# Recorded information
= = = = = = =
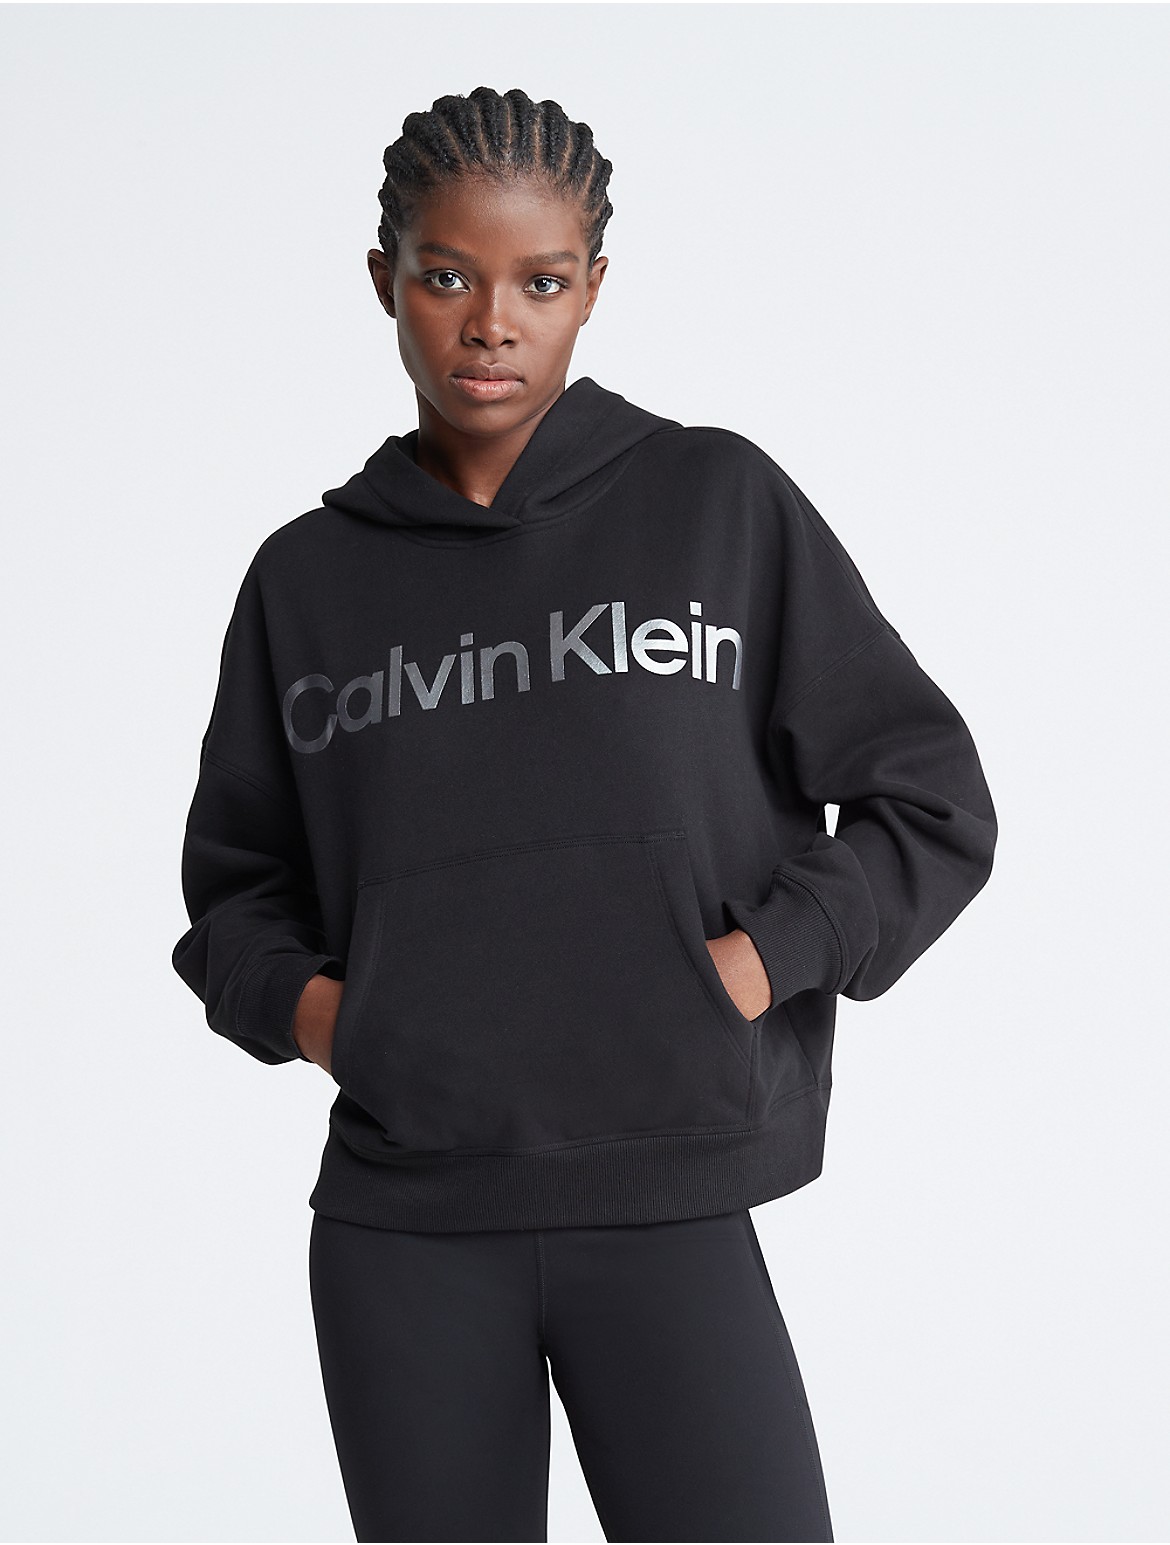 Calvin Klein Women's Metallic Logo Hoodie - Black - L
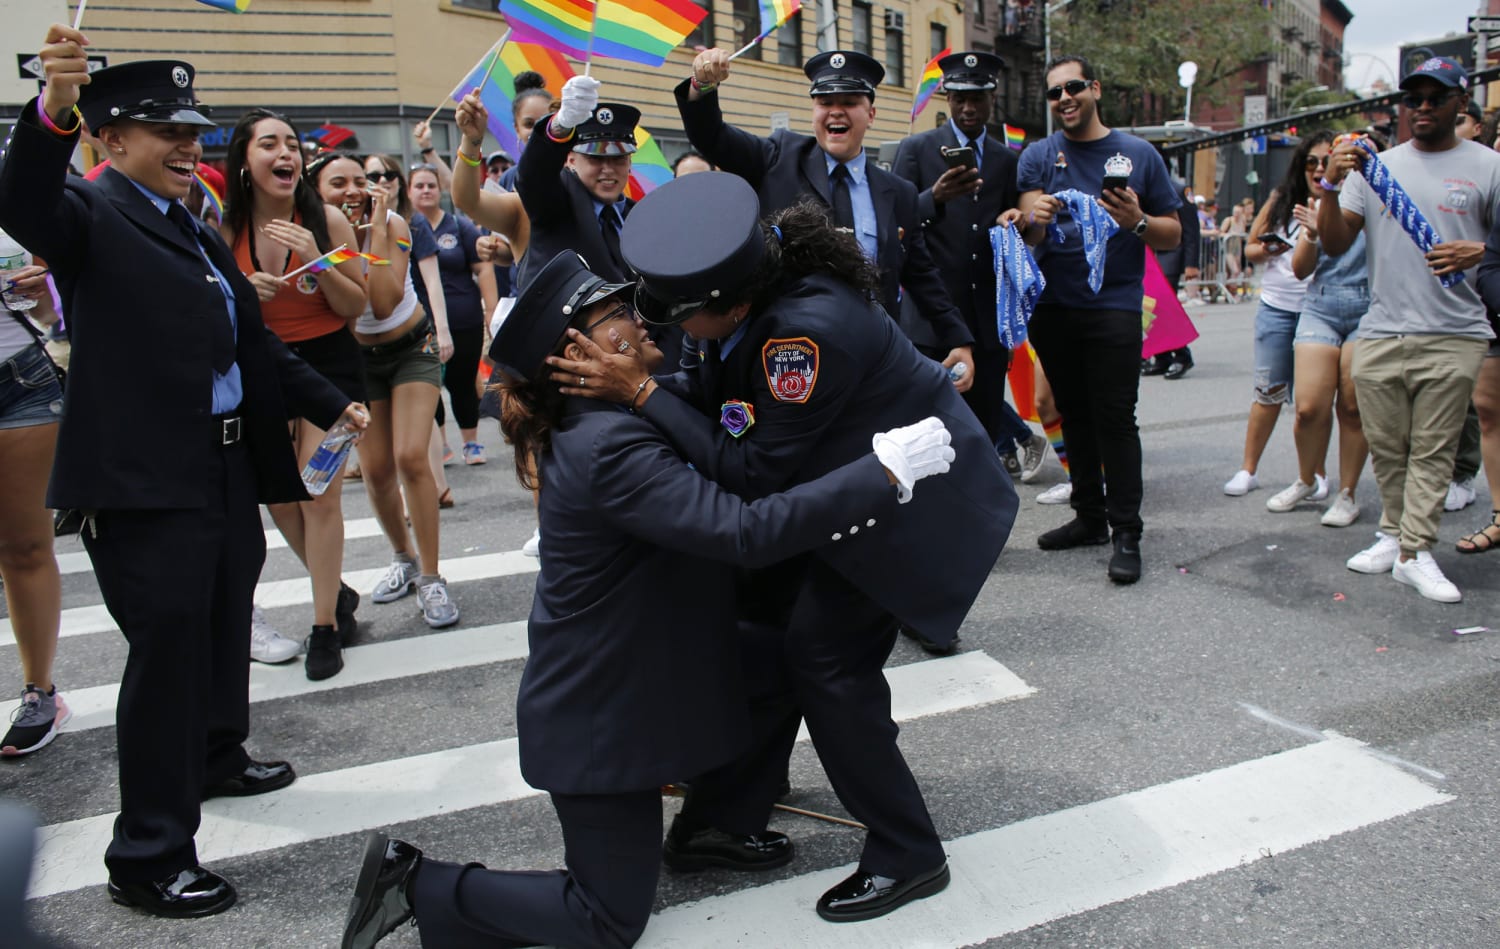 New York City Gay Pride Parade 2014 – New York Daily News
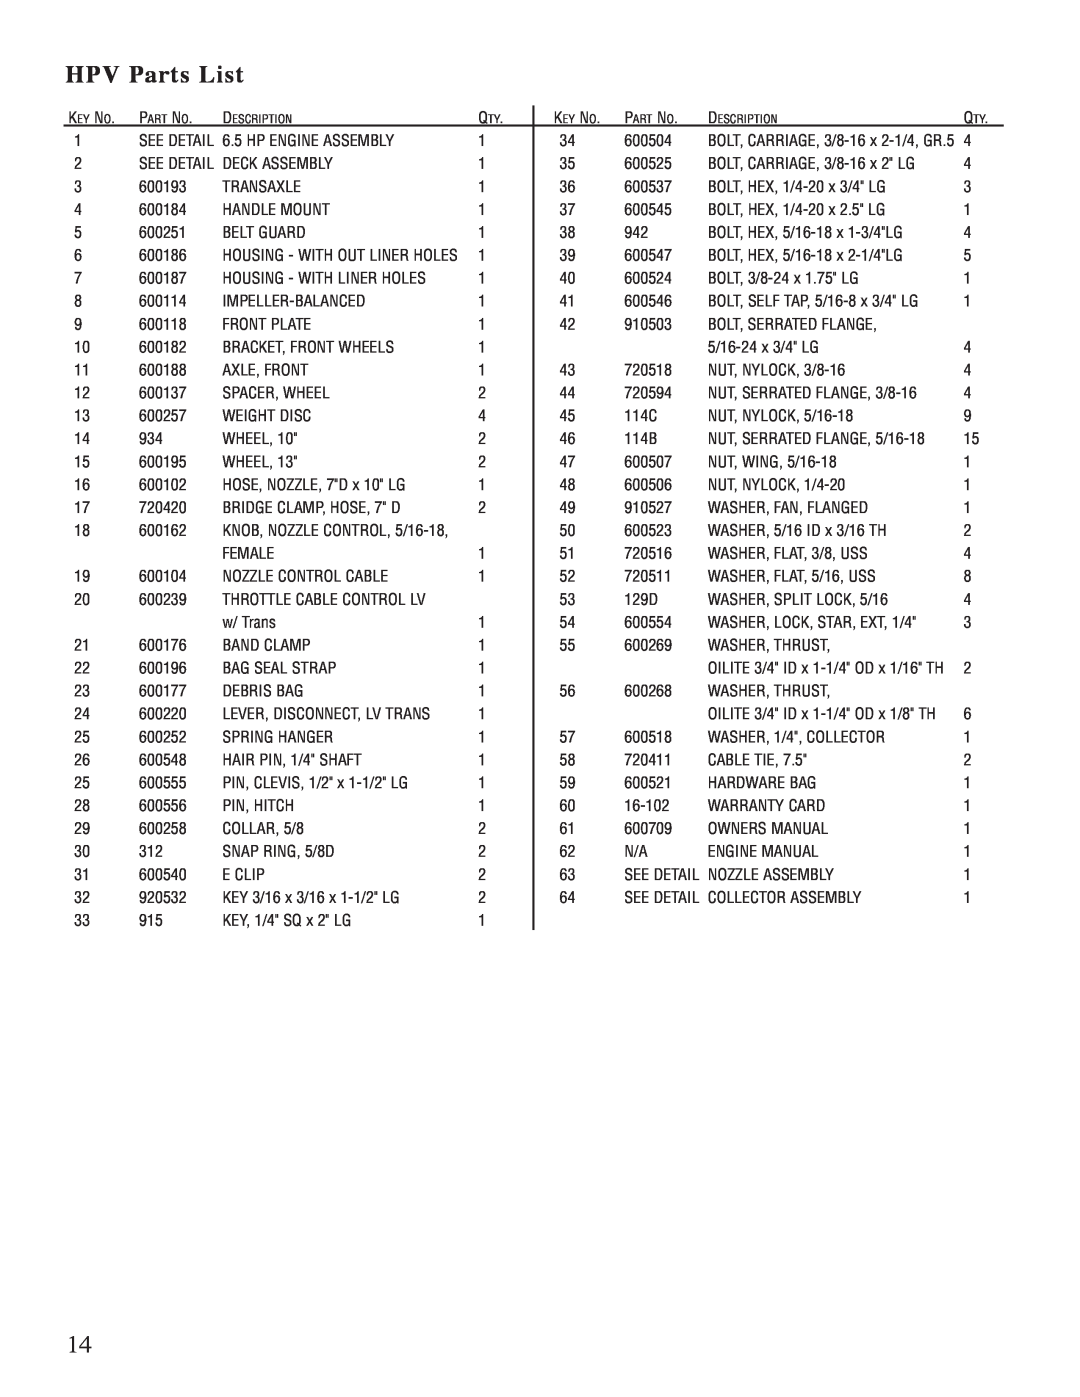 Little Wonder 5621, 5631 manual HPV Parts List
= = = = = = =
# Required action
Write the lines out word for word, starting at the one with "New York City" and stopping after the last line of the material above, with pictures excluded.

# Task solution
 New York City Gay Pride Parade 2014 – New York Daily News
 Little Wonder 5621, 5631 manual HPV Parts List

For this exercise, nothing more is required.